2004-03-13

Tal como o governo espanhol, prefiro que a autoria dos atentados de Madrid seja da ETA. A alternativa é demasiado assustadora.

Pensando unicamente nos interesses imediatos do país onde nasci, da cidade onde vivo, da segurança dos meus vizinhos, da família e amigos, da minha integridade pessoal, prefiro de longe a ETA.

O impacto psicológico, político e social de um atentado fundamentalista islâmico na capital de um dos dois aliados ibéricos da guerra ao terrorismo de Bush é preocupante para a segurança e paz do nosso quintal. A própria europa no seu todo sentirá as ondas de impacto das explosões de 11 de Março, na hipótese islâmica. Pense-se no peso das comunidades imigrantes muçulmanos na Europa e uma vaga de xenofobia e de anti-islamismo é muito provável.
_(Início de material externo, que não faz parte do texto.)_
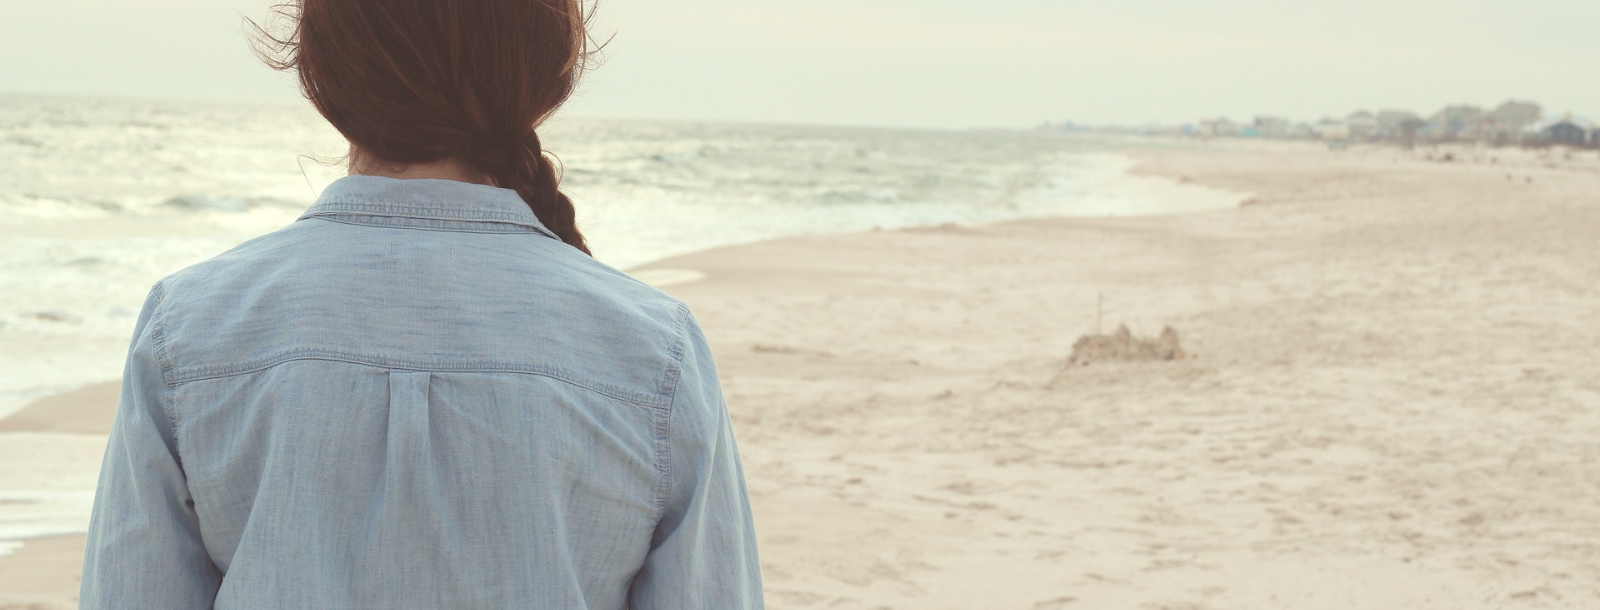 woman walking at beach feeling pressured by other people

Se me fosse possível escolher, prefereria fechar os olhos com força, tapar aos ouvidos com as mãos e repetir até a exaustão a ladainha:
"A culpa é da ETA"
"A culpa é da ETA"
"A culpa é da ETA"
"A culpa é da ETA"


Os neo-conservadores e a sua visão hiper-simplificadora da realidade. Pretendem alterar o panorama através do discurso delimitador de fronteiras rígidas entre nós e os outros, o claro e o escuro, entre o bem absoluto e o mal absoluto. Este discurso securitário, claro e apelativo, de tanto ser repetido, toldou o olhar e apressou a conclusão de quem o profere. Ideologizou a defesa do interesse do povo espanhol. Estruturada em torno da guerra ao terrorismo a visão neo-conservadora do mundo deturpou-se. Perdida a capacidade de leitura do mundo, tornou-se como um corpo rígido sob a acção de forças contrárias, imóvel até cair ou quebrar. O governo espanhol foi, pela segunda vez, incapaz de reagir à surpresa, ao acontecimento que foge do paradigma e ao cenário antecipado.

A imputação da culpa à ETA, com base em pressupostos, perspectivas e desejos, sem provas factuais, é de uma fraca compreensão do Estado de Direito, porque julga com base em intenções e presuspostos. É uma irresponsabilidade política porque fractura, para gerações, a sociedade espanhola.

Fazê-lo com base em cálculos eleitorais é indesculpável.